No início do ano letivo de 2014, esse relato foi lido pela professora que lecionaria na turma na qual o aluno estava matriculado. Nesse momento, foram produzidas atividades partindo dos diagnósticos já existentes. Todos os registros elaborados culminaram na elaboração de um portfólio desse aluno e das outras crianças da turma que apresentavam dificuldades, concretizando-se não somente na síntese de diagnósticos de sua aprendizagem, mas, acima de tudo, como demarcador de mudanças de posicionamentos de professores, os quais aguçaram olhares e escutas aos diferentes processos de entrada das crianças na escrita e passaram por um processo de aprendizagem contínua.

A parceria entre professores e bolsistas nem sempre acontece de forma satisfatória, várias foram as situações diagnosticadas em que o docente institucionalmente responsável pela turma sentia seu espaço de trabalho invadido por outro sujeito, nem sempre visto como pesquisador, muitas vezes confundido como aluno em formação inicial para o qual os saberes experienciais ainda não lhe forneceram subsídios empíricos suficientes para o exercício do magistério. Essa invasão é em parte compreendida, posto que, diante dos tantos projetos e programas dos quais a escola participa, cada um possui o seu alicerce teórico, o qual nem sempre é compatível com as discussões postas na escola. Infelizmente, muitos projetos de pesquisa e extensão provenientes da academia desrespeitam o cotidiano escolar e seus saberes historicamente edificados em nome de modismos educacionais nem sempre qualitativos.

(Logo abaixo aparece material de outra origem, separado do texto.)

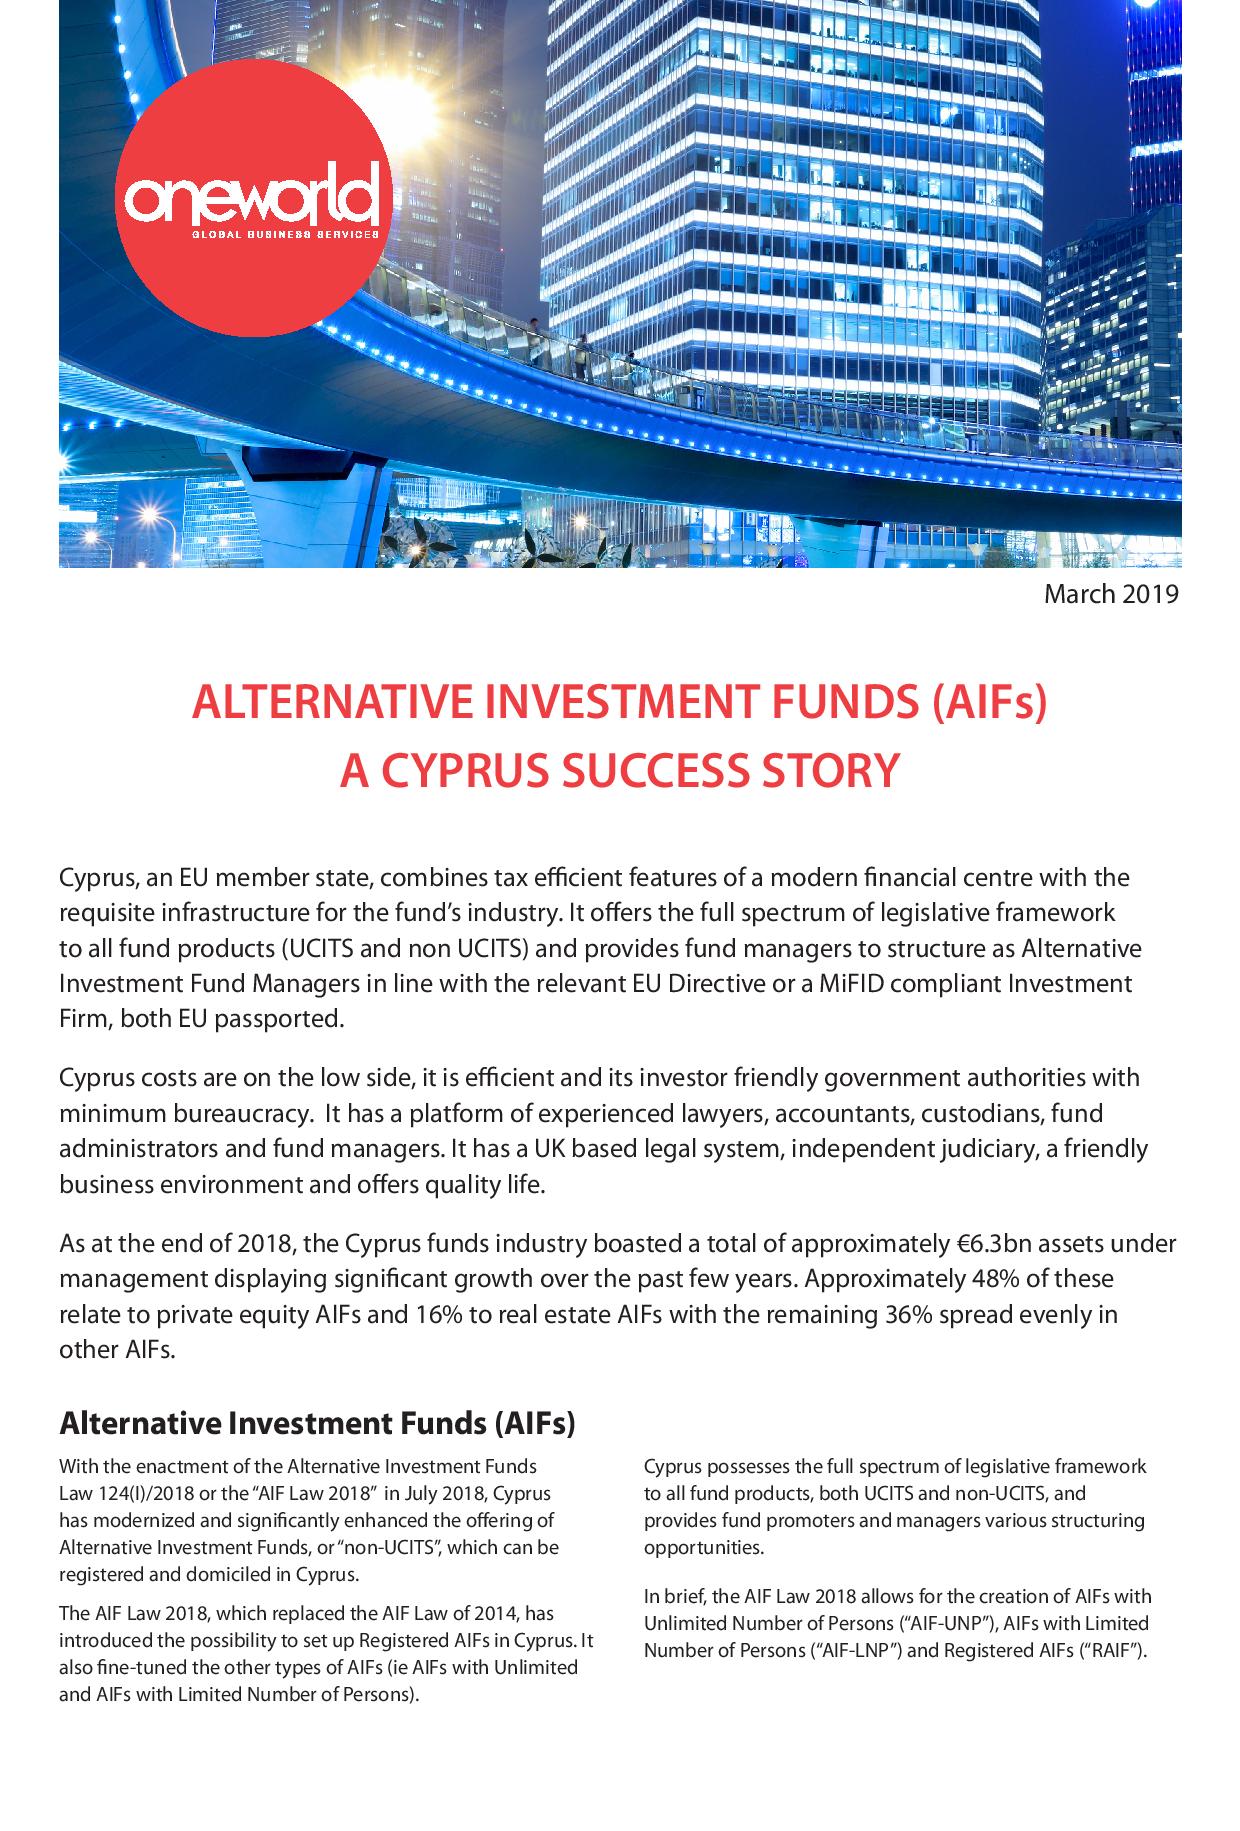 Oneworld Ltd: Alternative Investment Funds (AIFs) - A Cyprus Success Story

Vários são os embates percebidos, a princípio, entre um professor experiente que sente roubada sua autonomia e outro sujeito em processo de formação, atingido pelo sentimento de impotência que a prática docente gera ao colocá-lo em face de situações cotidianas para as quais as teorias acadêmicas não conseguiram nortear suas ações na prática.

Diante de dificuldades como essa, desvelamos, por um lado, o profissional que progride em sua autoformação e redimensiona sua prática, a partir de parâmetros coletivos. Apontamos, também, por outro lado, o docente que muitas

vezes não consegue situar-se em relação ao seu próprio fazer pedagógico, resistente à dinâmica de trabalho coletivo própria do contexto do Ensino Fundamental de nove anos – um ponto discutível e marcante no decorrer do trabalho investigativo nesses quatro anos.

A Escola de Aplicação da Universidade de São Paulo, após discussões e acompanhamentos pedagógicos provocados pelo desenvolvimento do Projeto Desafios, aderiu à ideia de um segundo docente nos anos iniciais do Ensino Fundamental. Esse professor de subciclo, com a mesma carga horária que os demais, tem seu trabalho semanal distribuído entre turmas que por ele são acompanhadas – 1º ao 3º ano. Sua carga horária é discriminada entre observações de aula, participações efetivas em trabalhos nas turmas por ele acompanhadas e reuniões com os professores do subciclo. Essa dinâmica de trabalho se traduz em uma forma de lidar com a heterogeneidade do grupo de alunos, responsabilizando coletivamente um grupo de professores pela aprendizagem infantil.

Na escola campo de pesquisa na UERN, vislumbramos a inclusão desse professor subciclo nos anos iniciais. Se retomado o Quadro 1 acerca dos recursos humanos da escola, identificamos que a escola dispõe de docentes que podem assumir essa função. Quando considerada a conclusão deste projeto de pesquisa, uma vez que deixarão de existir os atendimentos individuais às crianças, apostamos nesse profissional que possa circular entre as turmas nos anos iniciais, na reconfiguração do quadro de profissionais da escola, conforme vem sendo discutido com a secretaria municipal de educação e a escola campo de pesquisa.